Net debt corresponds to the current and non-current portions of borrowings and the consideration payable related to acquisitions, net of cash and cash equivalents.

Reconciliation of the EBITDA is as follows:

(In thousands of US$)

(unaudited)

Q4 2021

Q4 2020

FY 2021

FY 2020






Operating profit / (loss)....................................................

4,287

3,377

24,127

17,185

Depreciation expense .....................................................

5,050

4,409

18,681

16,673

Non-cash employee share-based compensation...................

83

60

233

195

EBITDA .........................................................................

9,420

7,846

43,041

34,054

Conference call and webcast

On March 3, 2022, Company Management will conduct a conference call at 10:00 am ET to review the financial results. The call will be hosted by Daniel Simoncini, Chairman and co-CEO, and Jean-Pierre Charmensat, co-CEO and CFO.

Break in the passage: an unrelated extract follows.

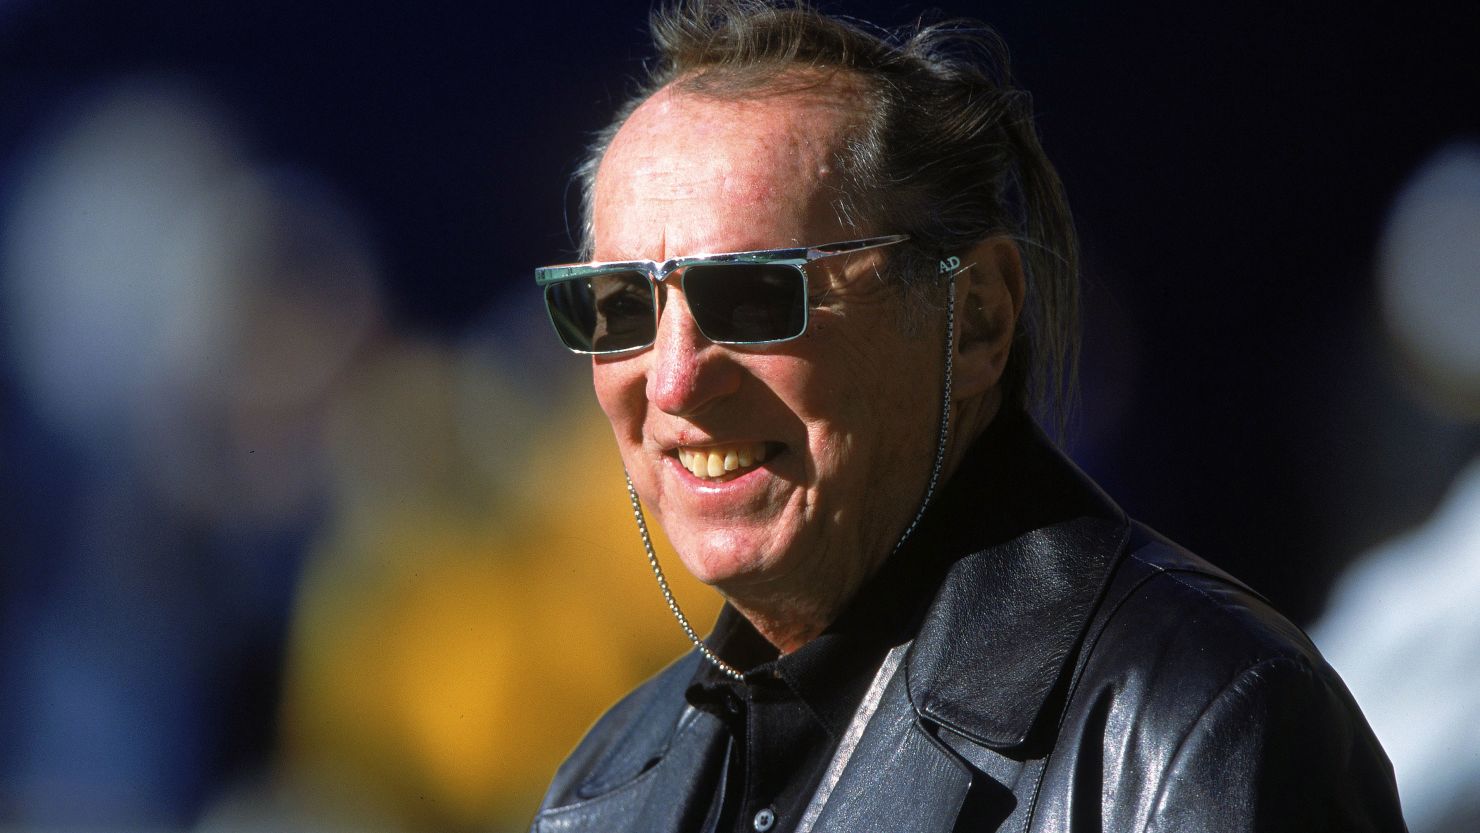 Al Davis was inducted into the Football Hall of Fame in 1992.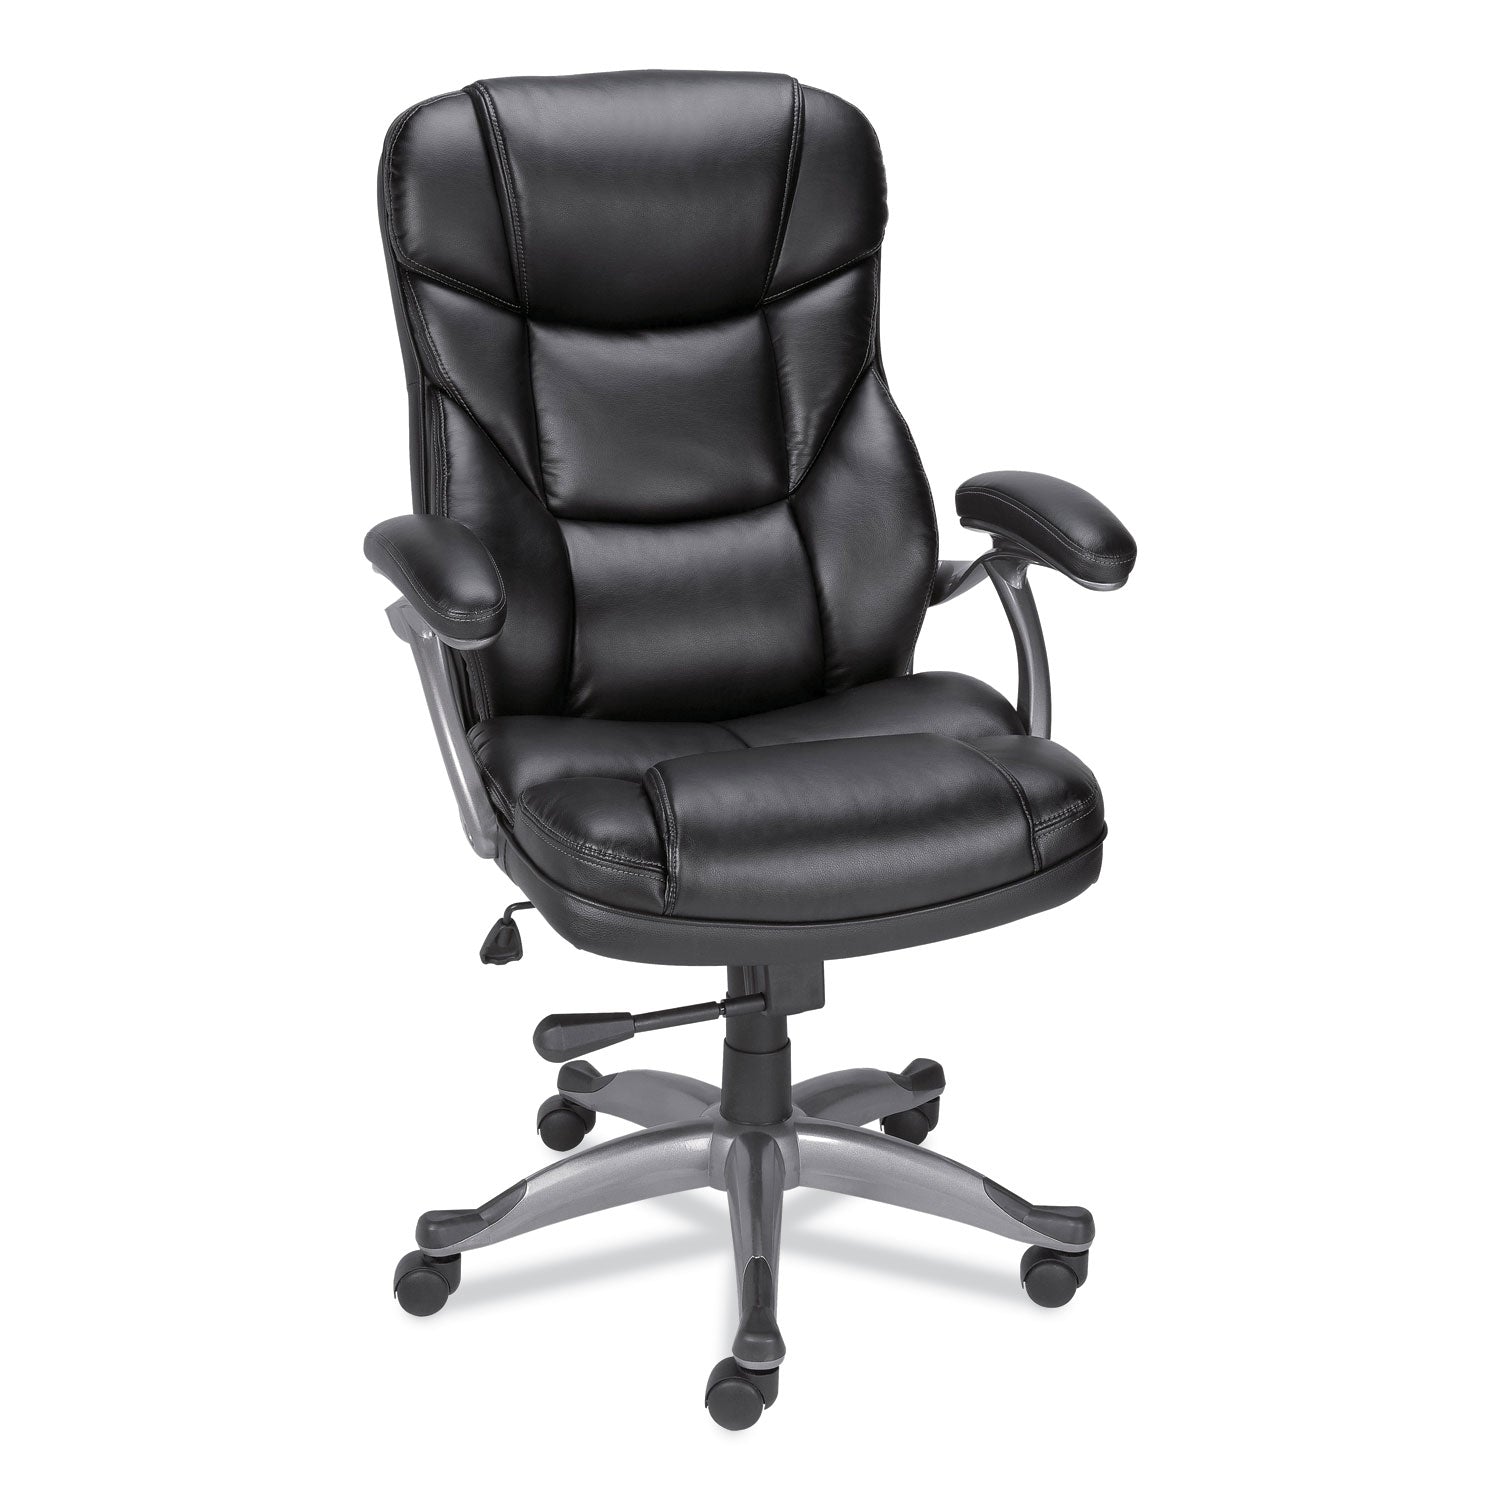 alera-birns-series-high-back-task-chair-supports-up-to-250-lb-1811-to-2205-seat-height-black-seat-back-chrome-base_alebn41b19 - 4

You can join the call by dialing 1-888-664-6392 or 1-416-764-8659.  You will be put on hold until the conference call begins. A live audio webcast of the Conference Call will also be available

https://produceredition.webcasts.com/starthere.jsp?ei=1532351&tp_key=0daf1cfdae

An archived replay of the webcast will be available for 90 days.

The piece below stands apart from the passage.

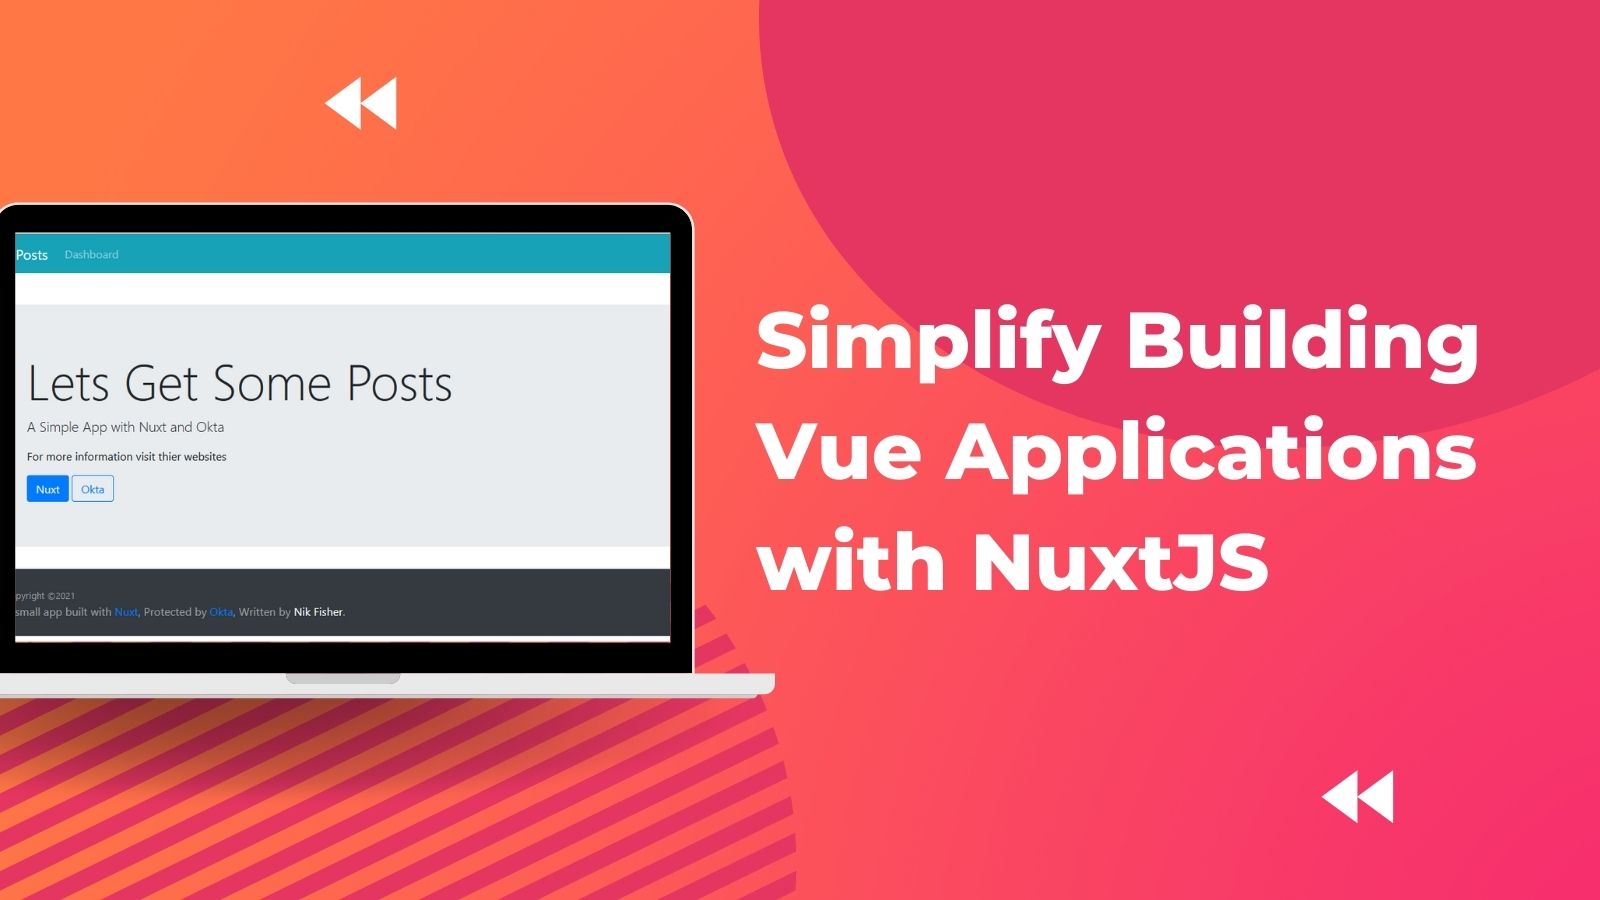 Simplify Building Vue Applications with NuxtJS

About Foraco International SA

Foraco International SA (TSX: FAR) is a leading global mineral drilling services company that provides a comprehensive and reliable service offering in mining and water projects. Supported by its founding values of integrity, innovation and involvement, Foraco has grown into the third largest global drilling enterprise with a presence in 22 countries across five continents. For more information about Foraco, visit www.foraco.com.

"Neither TSX Exchange nor its Regulation Services Provider (as that term is defined in the policies of the TSX Exchange) accepts responsibility for the adequacy or accuracy of this release."

Caution concerning forward-looking statements

This document may contain "forward-looking statements" and "forward-looking information" within the meaning of applicable securities laws. These statements and information include estimates, forecasts, information and statements as to Management's expectations with respect to, among other things, the future financial or operating performance of the Company and capital and operating expenditures. Often, but not always, forward-looking statements and information can be identified by the use of words such as "may", "will", "should", "plans", "expects", "intends", "anticipates", "believes", "budget", and "scheduled" or the negative thereof or variations thereon or similar terminology. Forward-looking statements and information are necessarily based upon a number of estimates and assumptions that, while considered reasonable by Management, are inherently subject to significant business, economic and competitive uncertainties and contingencies. Readers are cautioned that any such forward-looking statements and information are not guarantees and there can be no assurance that such statements and information will prove to be accurate and actual results and future events could differ materially from those anticipated in such statements. Important factors that could cause actual results to differ materially from the Company's expectations are disclosed under the heading "Risk Factors" in the Company's Annual Information Form dated March 30, 2021, which is filed with Canadian regulators on SEDAR (www.sedar.com). The Company expressly disclaims any intention or obligation to update or revise any forward-looking statements and information whether as a result of new information, future events or otherwise. All written and oral forward-looking statements and information attributable to Foraco or persons acting on our behalf are expressly qualified in their entirety by the foregoing cautionary statements.